AOL News | November 11, 2010

It's not every day that the country receives some encouraging news on the deficit and debt front. But Wednesday just so happened to be one of those days.

The co-chairs of the White House's National Commission on Fiscal Responsibility and Reform, former White House Chief of Staff Erskine Bowles and former Sen. Alan Simpson, R-Wyo., released their own proposal for how to get the deficit and debt to manageable levels. While this proposal is not the final report of the commission, it reflects the first step in the commission's task of trying to forge a consensus among a minimum of 14 of the 18 members.

The proposal in a nutshell? Quite impressive.

With the population aging, health care costs growing faster than the economy and a seemingly ever-present imbalance between federal spending and revenues, our nation's debt is set to truly erupt in coming decades.

So how do the fiscal commission's co-chairs get us back to a sustainable course? Well, they take a hard look at every area of the budget.

On spending, the proposal cuts discretionary spending over the next few years and then limits its growth to inflation. Mandatory spending is pared back through changes to civil service and military retirement, farm subsidies and further reductions and controls on health care costs, among others. The proposal also advocates for serious reform of our outdated and inefficient tax system, calling for lower rates, fewer tax credits and exemptions, a simpler code and improved compliance.
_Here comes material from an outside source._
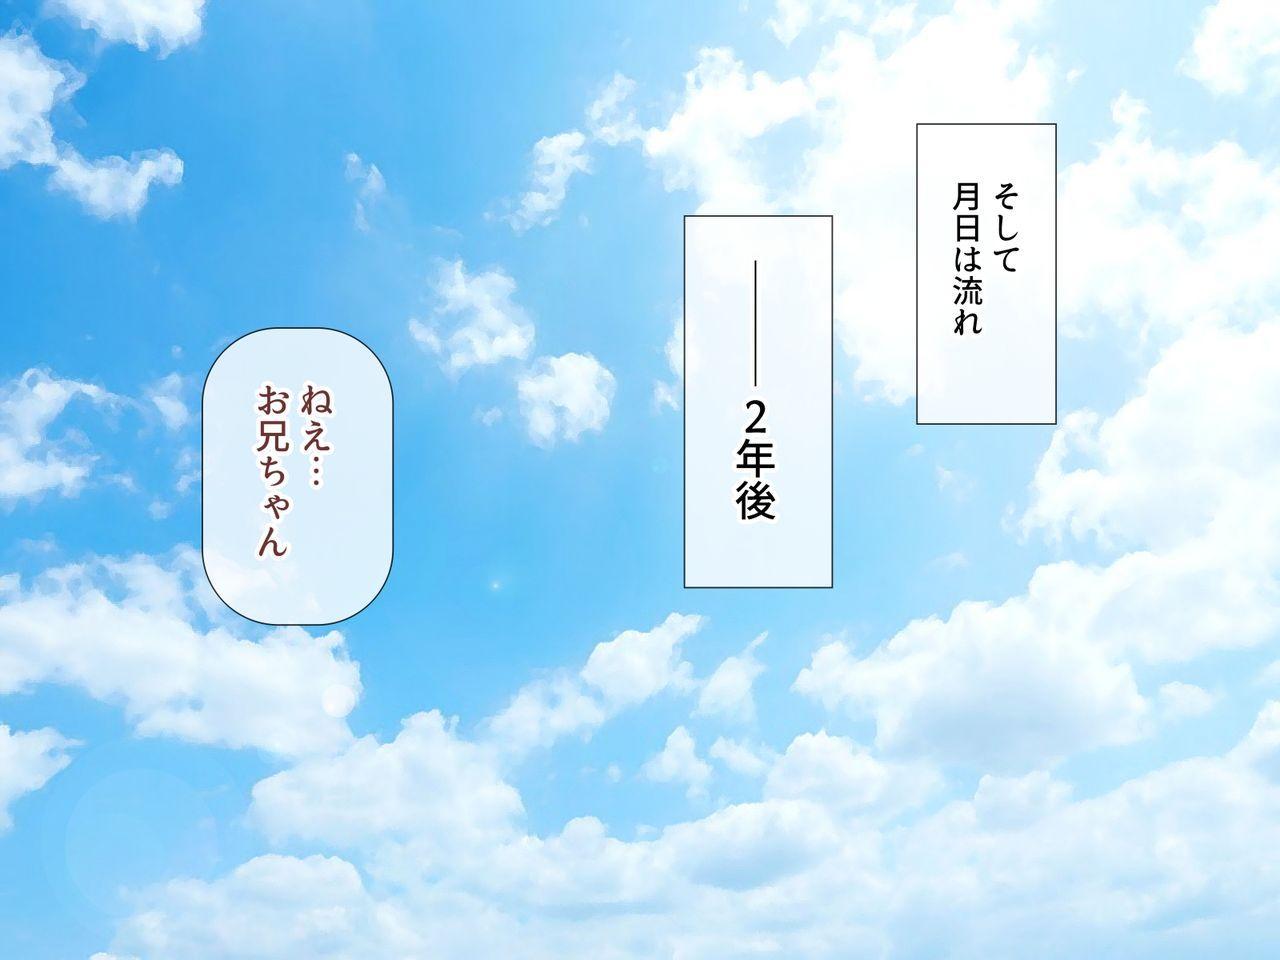 Uchiki na Jyumai ga Ore no Tame ni Karada o Kitaeta Kekka 104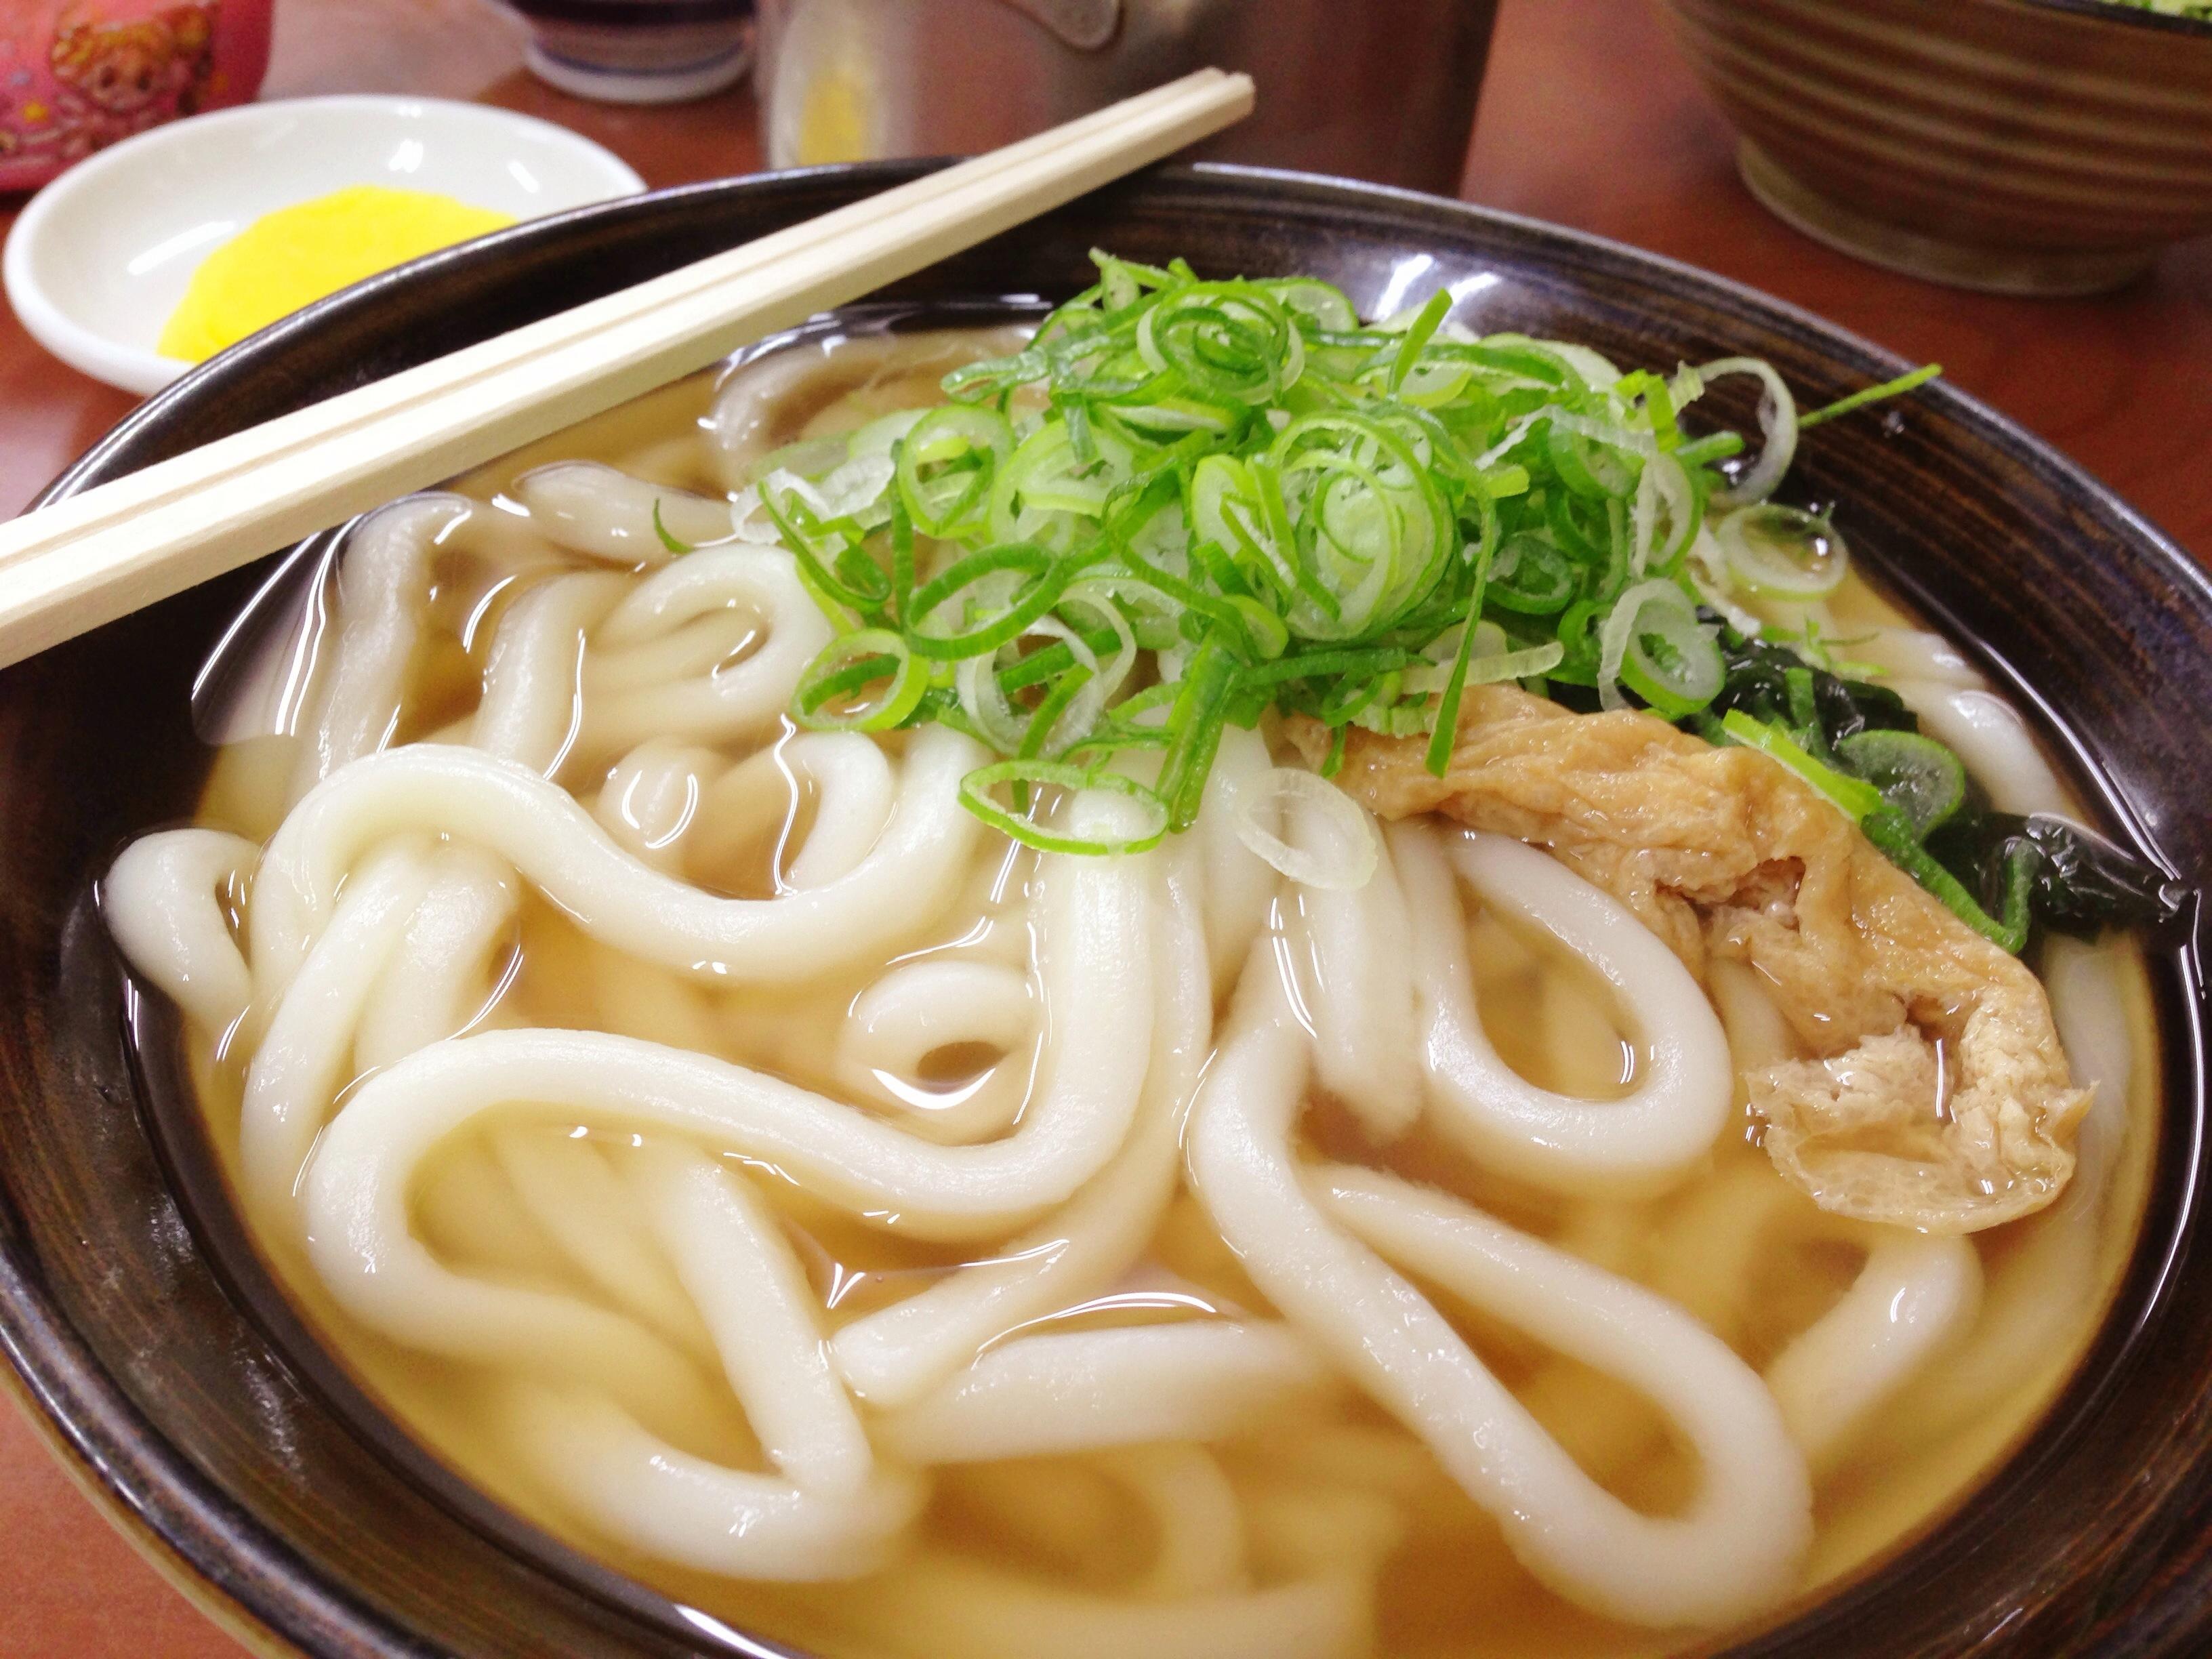 【食べた】あえて言おう「やわ麺を食え」福岡のソウルフード「牧のうどん 周船寺店」

The proposal also restores Social Security's solvency, for the sake of ensuring that the program will be there for future generations who will need to rely on it, not for the sake of deficit reduction.

Will every person agree with every proposal in the plan? Of course not. But just a brief reminder -- deficit reduction is hard. If the plan were filled with things we love, we'd be making the deficit worse, not better. This is the fiscal reality.

Reforming our fiscal path is about making our economy stronger down the road, it's about making government work more efficiently, it's about ensuring that social safety nets will still be around for the most vulnerable in society, and it's about tackling our debts before they tackle us. Most importantly, it's about keeping America's promise to bestow better opportunities to future generations.

OK, OK. So with all this praise, there's also got to be major downsides as well, right?

Well, reasonable people can disagree with some of the specific recommendations, and some may call for more spending cuts or more tax increases. But the fact remains that when viewed in its entirety, it's a giant step in the right direction.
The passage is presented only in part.